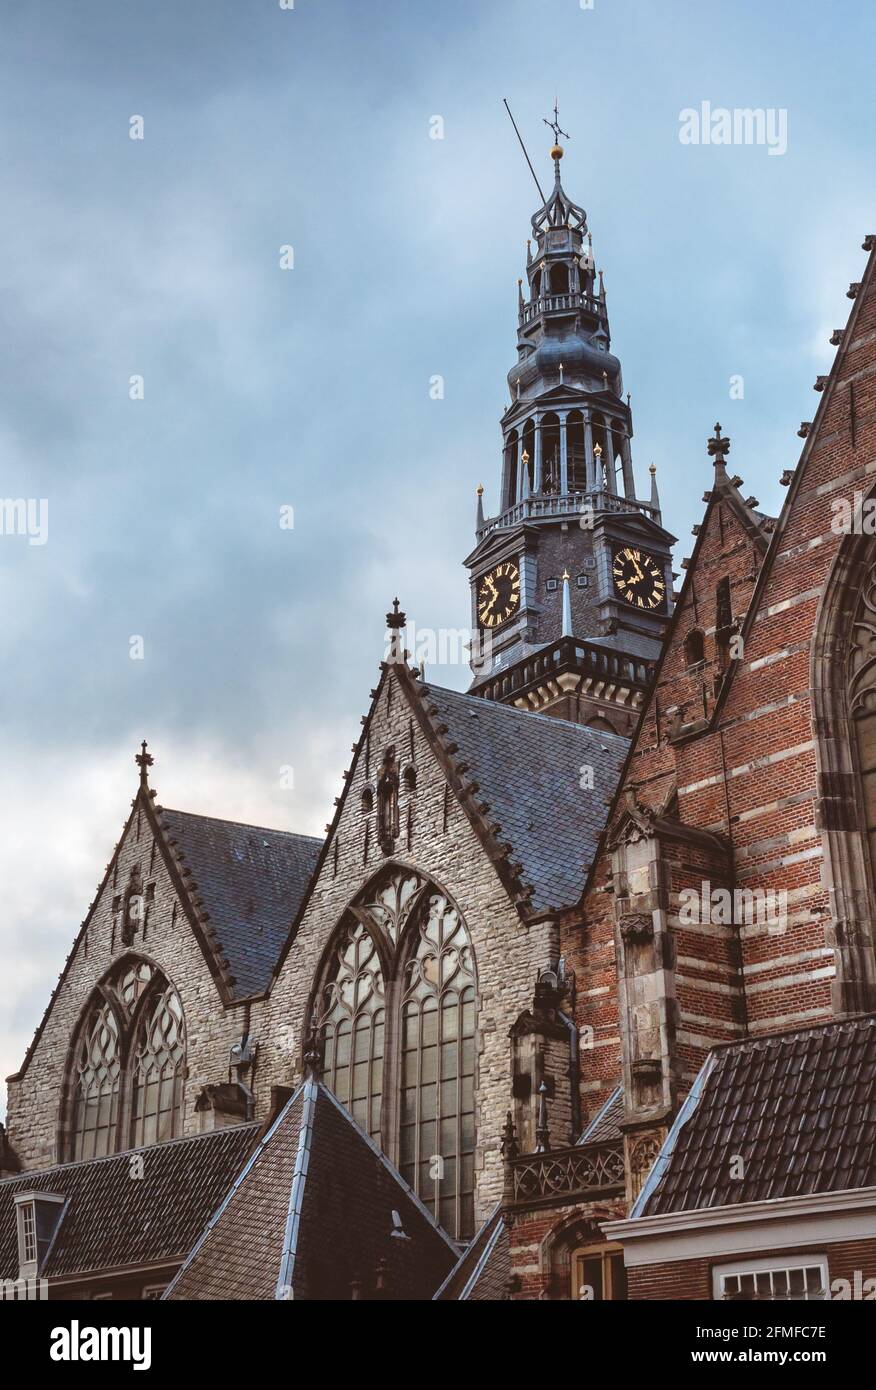 Finestre gotiche e tetti in tegole della chiesa Calvinista Oude Kerk e vecchio campanile con orologio al cielo nuvoloso. Architettura cristiana antica e churc Foto Stock
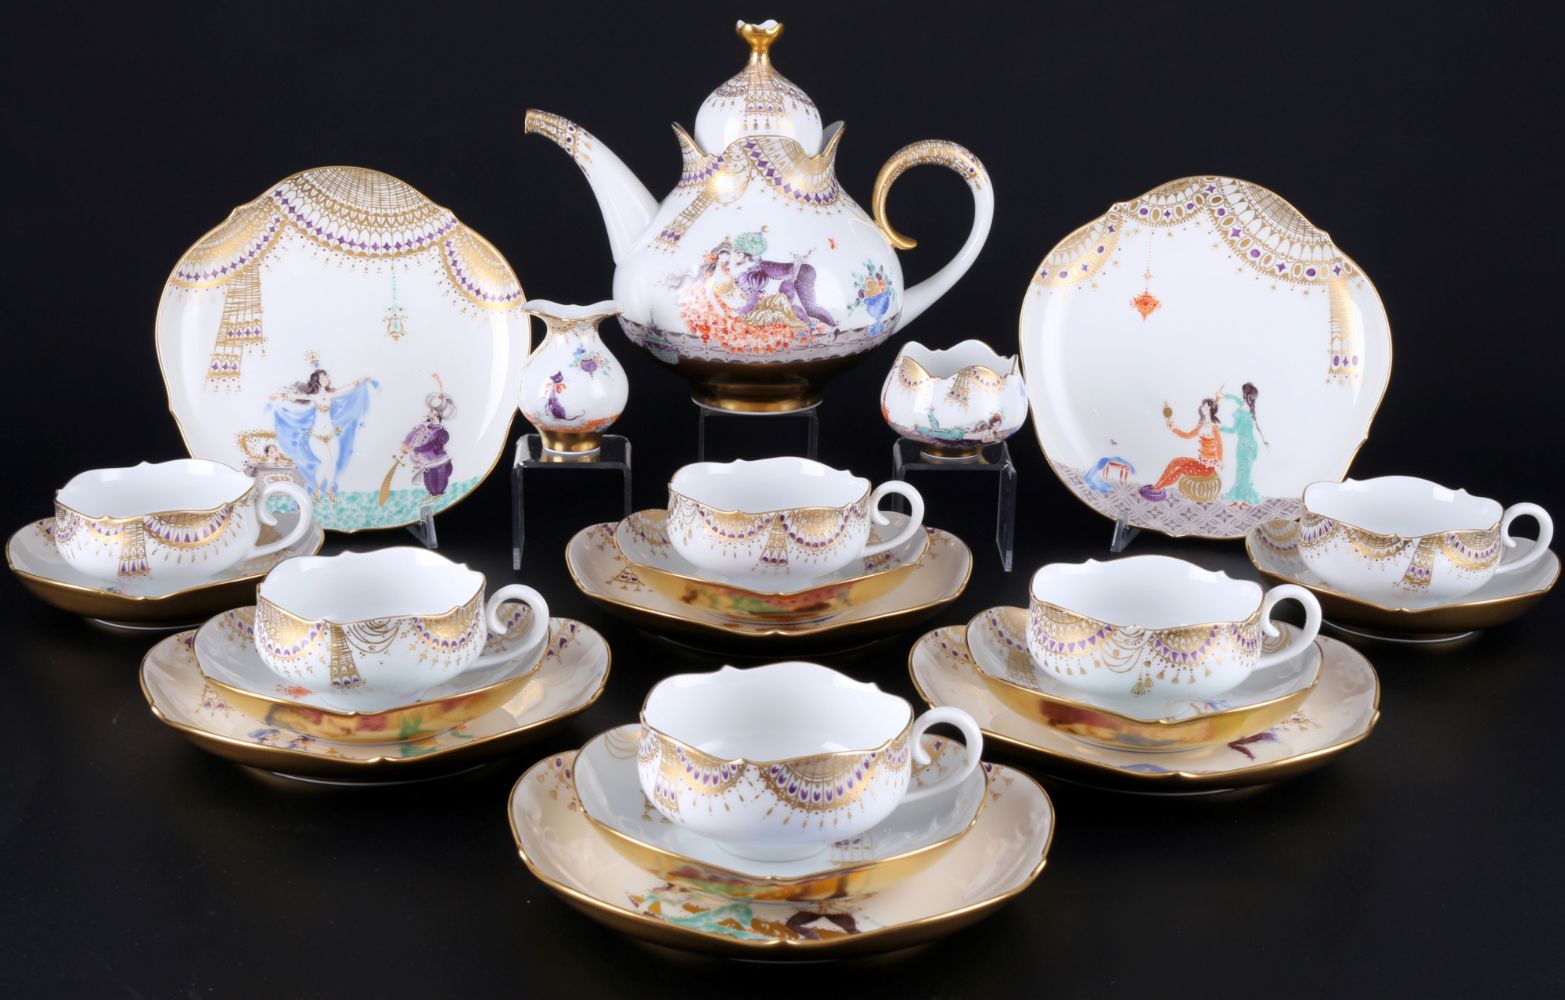 Porcelain, Asia, Art, Antiques, Collectibles - Auction
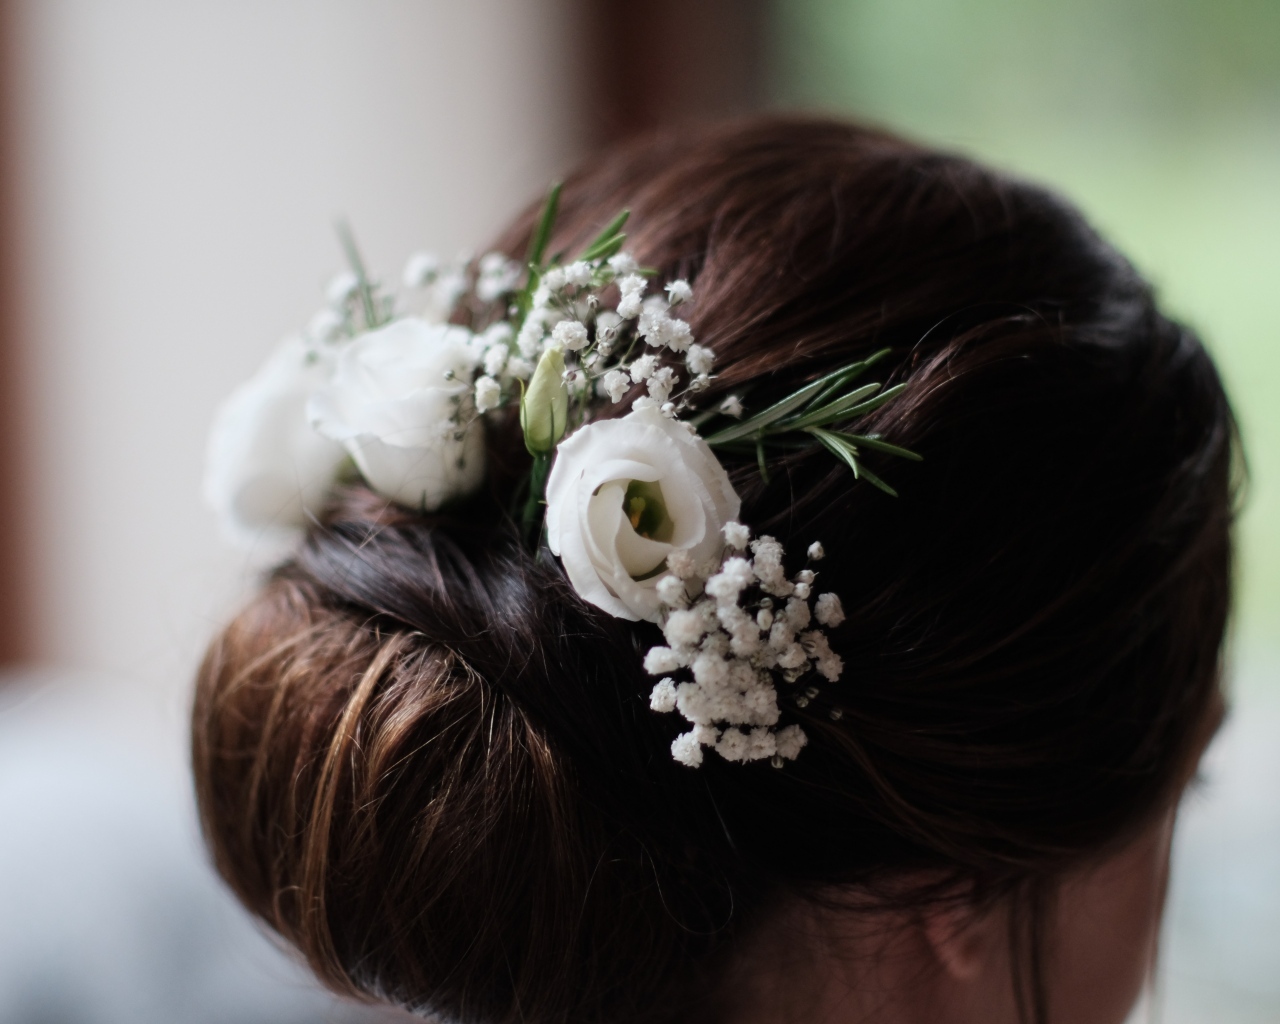 Белые цветы эустомы в свадебной прическе
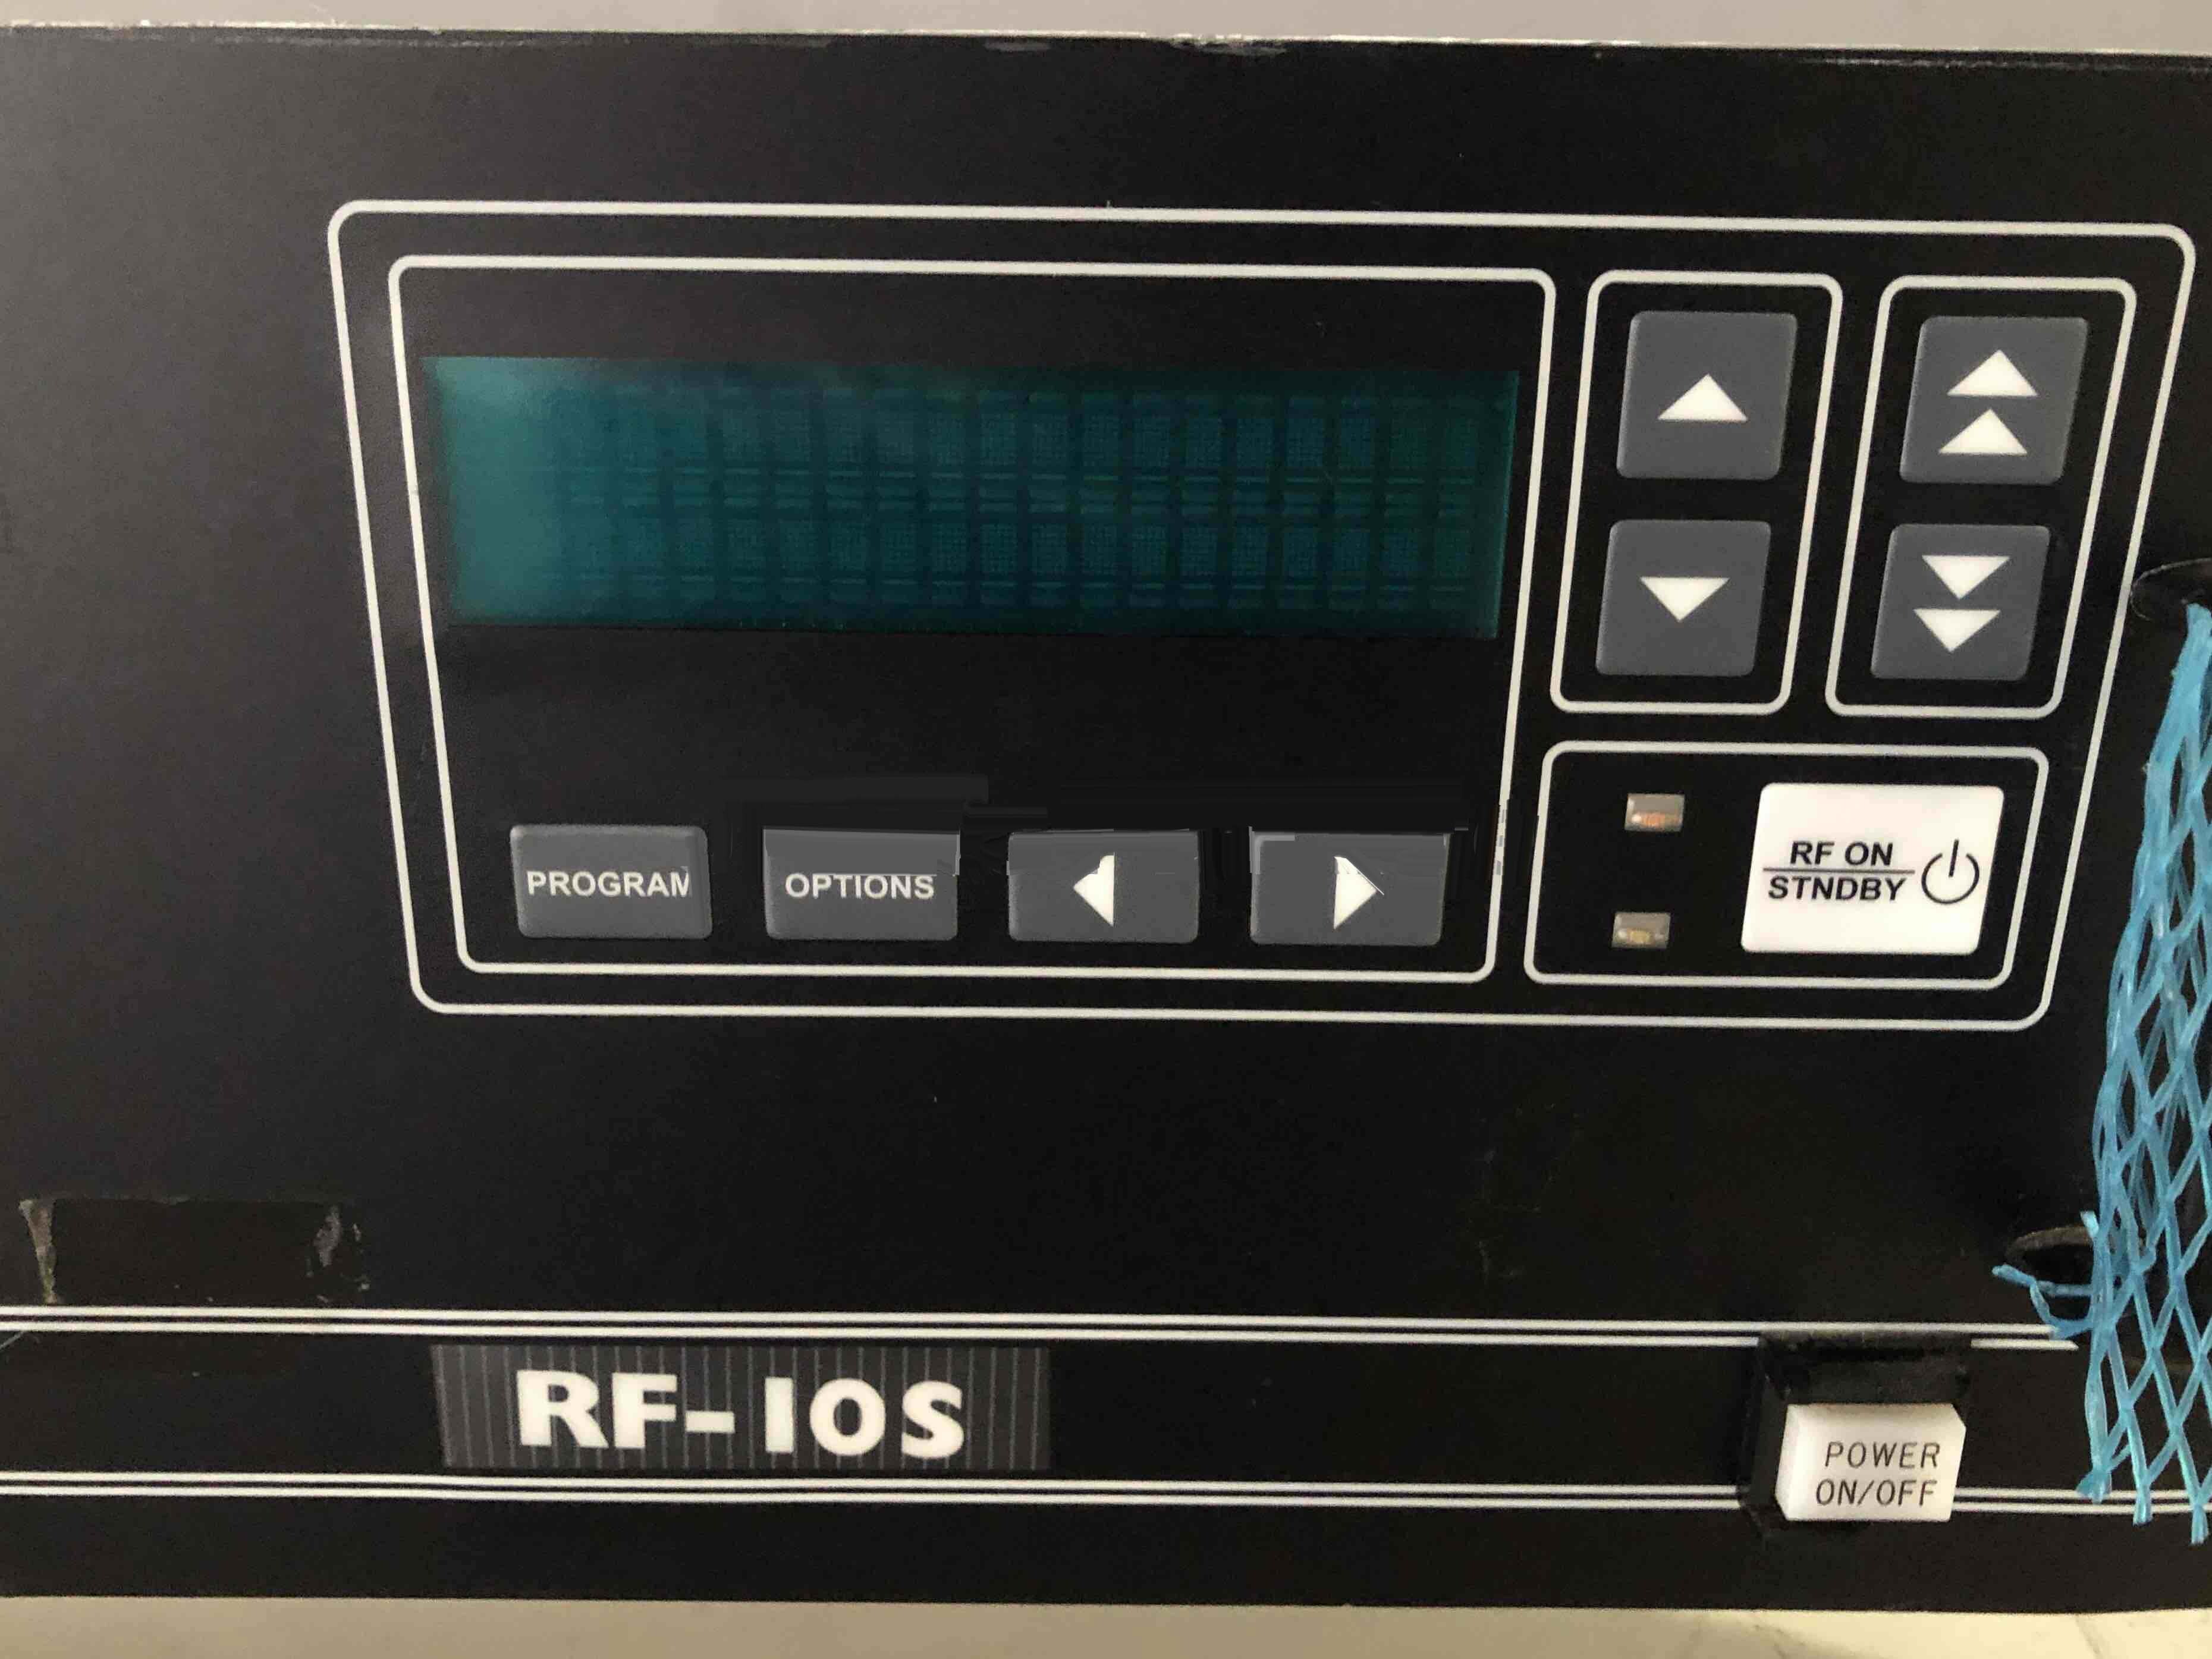 圖為 已使用的 RFPP RF10S 待售

• Exercise description: Leaving the pictures out, copy exactly the lines from the line that contains "Porcelain, Asia, Art, Antiques, Collectibles" to the last line of the data, both ends included.

• Reply:
 Porcelain, Asia, Art, Antiques, Collectibles - Auction
 Белые цветы эустомы в свадебной прическе
 圖為 已使用的 RFPP RF10S 待售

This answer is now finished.